Today, the new category system, which allows an unrestricted number of category-levels, has been installed on PhysicsOverflow. This system was required to enable the categorization of submissions beyond the four levels provided by the actual Question2Answer (Q2A) framework. This new system is almost invisible for the user, but has the important function to make a (future) large number of submissions searchable by the user. About two and a half months have been required to develop this system, you had to wait for a long time. Therefore I like to give you some insights.

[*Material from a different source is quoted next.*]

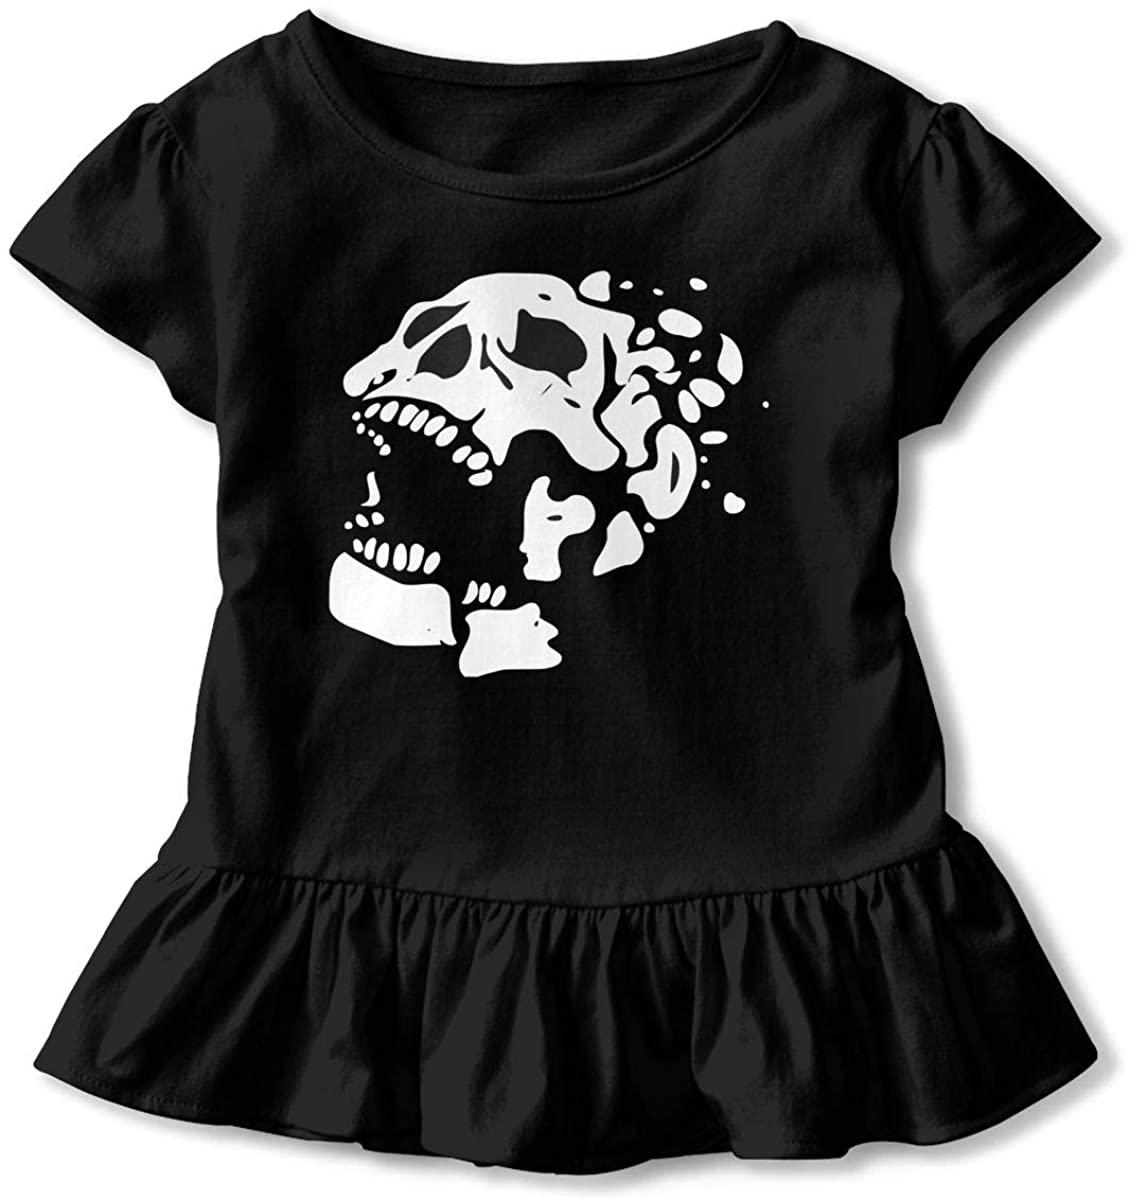 Dead-by-Daylight Toddler Girl's Ruffle T-Shirt Short Sleeve 2-6t

The original category system of the Q2A framework is a hierarchical database model. Every node (a category) is linked to its parent by the ID of the parent node. Such a model enables a fast writing of new nodes (you just create the node and link it to its parent), while queries through the tree are usually slow. Q2A solved this issue by a fixed number of 4 category levels. To be able to find parents in a short time, the path to the parent is hard-coded in every post. This means that every post contains four indices storing the way back through the tree. This is a clever and fast solution. However, it can not be extended to an unrestricted number of categories, it even gets slow if extended to 8 levels for instance. The category system is written in the core code of Q2A and spread over a large part of the system.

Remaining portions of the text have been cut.